フィッシングメールの分析

この記事は、元々Nov 2019に公開されたものに新たな内容を加えて更新したものです。

フィッシングメールを認識するのは、以前ほど簡単ではありません。健全でエラーのないテキストから鮮明なブランドロゴや画像まで、新しい攻撃は、知識のあるユーザーと高度なメールフィルターの両方を高い確立で見事に欺いています。ハッカーたちは、何を変えたのでしょうか?――すべてです。送信者のアドレスからフッターに至るまで、すべてを変えました。

詐欺メールを見分けられるように、目に見えるものと見ないもの、つまり、本文とメール内に潜むコードに分類します。以下には、Vadeが発見した実際のフィッシングメール例が含まれています。

送信者のアドレス

フィッシングの顕著な特徴はブランドのなりすましです。ハッカーは、メールのスプーフィング を利用して、正当なアドレスから送信されたかのように見える、偽のメールアドレスを作成します。メールのスプーフィングでは、送信者名は表示されていても、メールアドレスは隠されていることがあります。

PayPalのフィッシングメールでは、例えば、表示されている偽名は「PayPal Security」であるものの、隠されたメールアドレスは「no-reply-support-team_._@ewrtdrf.com」であるといった具合です。 ハッカーたちは、受信者、特にモバイルユーザーの大半が送信者名を展開してメールアドレスを確認しないことを見込んでいます。

カズンドメインは、より洗練されたスプーフィングの一形態で、送信者のアドレスが難読化されているため、ブランドのメールアドレスと同じであるように見えます。カズンドメインを生成する方法の一つに、メールアドレスに1文字追加または削除したり、.co.global.aeなどの拡張子を追加する方法があります。
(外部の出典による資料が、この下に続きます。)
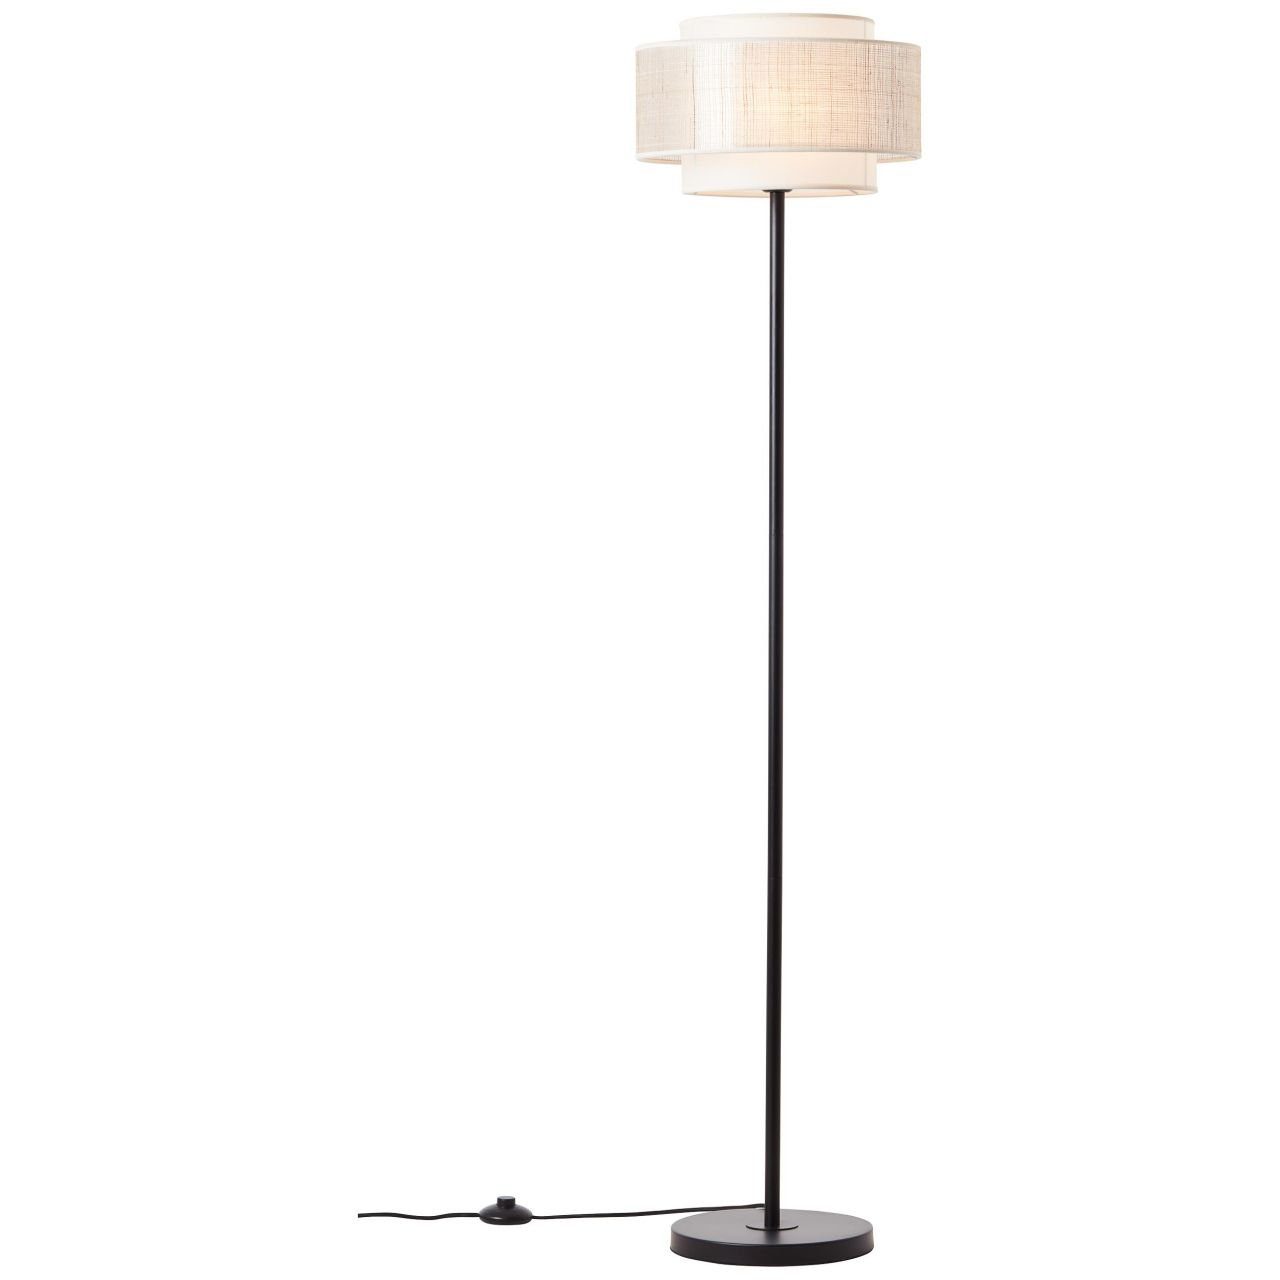 Lampe, A60, 42W, Fuß 1x Standleuchte Mit Brilliant Stehlampe schwarz/beige, 1flg Odar, E27, Odar

以下は、Vadeが発見したWells Fargoの詐欺メールの一例です。このメールには、Wells Fargoカスタマーサービスのメールアドレスにスプーフィングした、長い拡張子付きのカズンドメインが見られます。

Wells Fargoのフィッシング
Wells Fargoのフィッシング

ドメイン名のスプーフィングは、bofa.com (Bank of America) などの正当なドメインと同じメールアドレスです。幸いにも、Domain Keys Identified Email (DKIM) とSender Policy Framework (SPF) のおかげで、ドメインのスプーフィングは減りつつあります。いずれもドメイン名の無許可使用を特定し、ドメインのスプーフィングが使われているメールを効果的にブロックします。

[関連項目]フィッシングIQテストを受けて、自分のフィッシング認識度を確認しましょう

件名と論調

フィッシングの目的は、アカウントの認証情報を盗んだり、マルウェアを送信したりすることです。そのために、ハッカーは、被害者を標的となるアカウントにログインさせなければなりません。巧妙に作られた件名は、ハッカーの望み通りに行動させるために重要な最初のステップです。
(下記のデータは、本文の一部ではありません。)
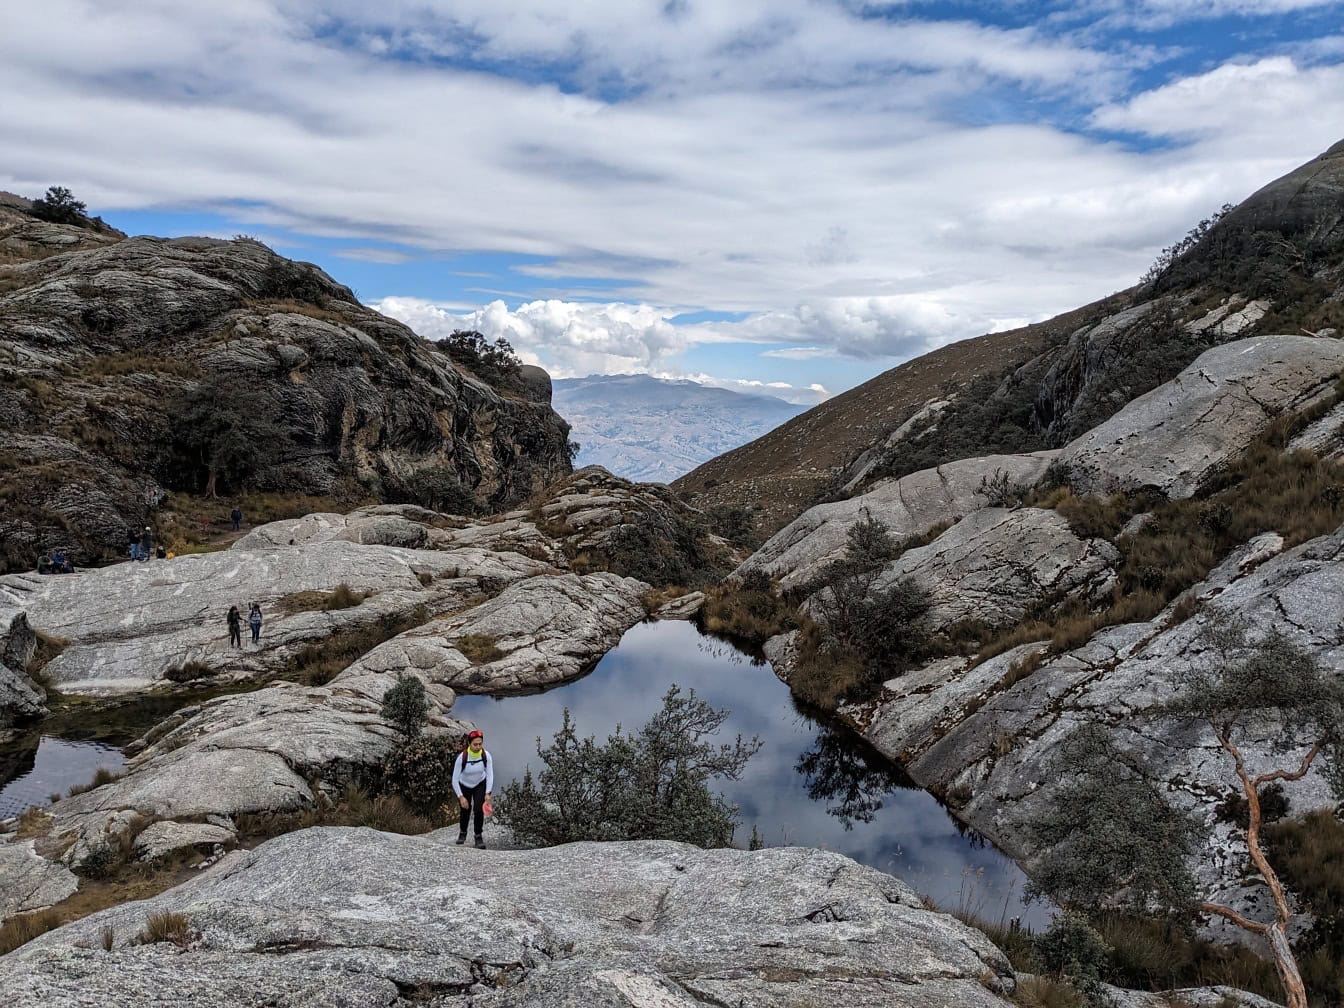 페루의 자연 공원에 있는 산 한가운데에 있는 작은 산 호수의 바위 기슭에 한 산악인이 서 있다

消費者を対象とするものでは、メールは銀行、FacebookやLinkedInなどのソーシャルメディア企業、Netflixなどの人気のあるストリーミングサービスになりすます傾向があります。ユーザーにメールを開かせるために、件名には「あなたのアカウントへの新たなサインイン」、「不審な行動を検出しました」、「招待が届いています」など、警戒を促したり、好奇心を刺激したりするものがよく見られます。

ビジネス面では、SaaSやクラウド会社などの取引のあるベンダーからの偽メールでユーザーを狙います。企業を対象とするものでは、ユーザーの日々の業務に影響を及ぼしうる問題を警告する件名が付けられています。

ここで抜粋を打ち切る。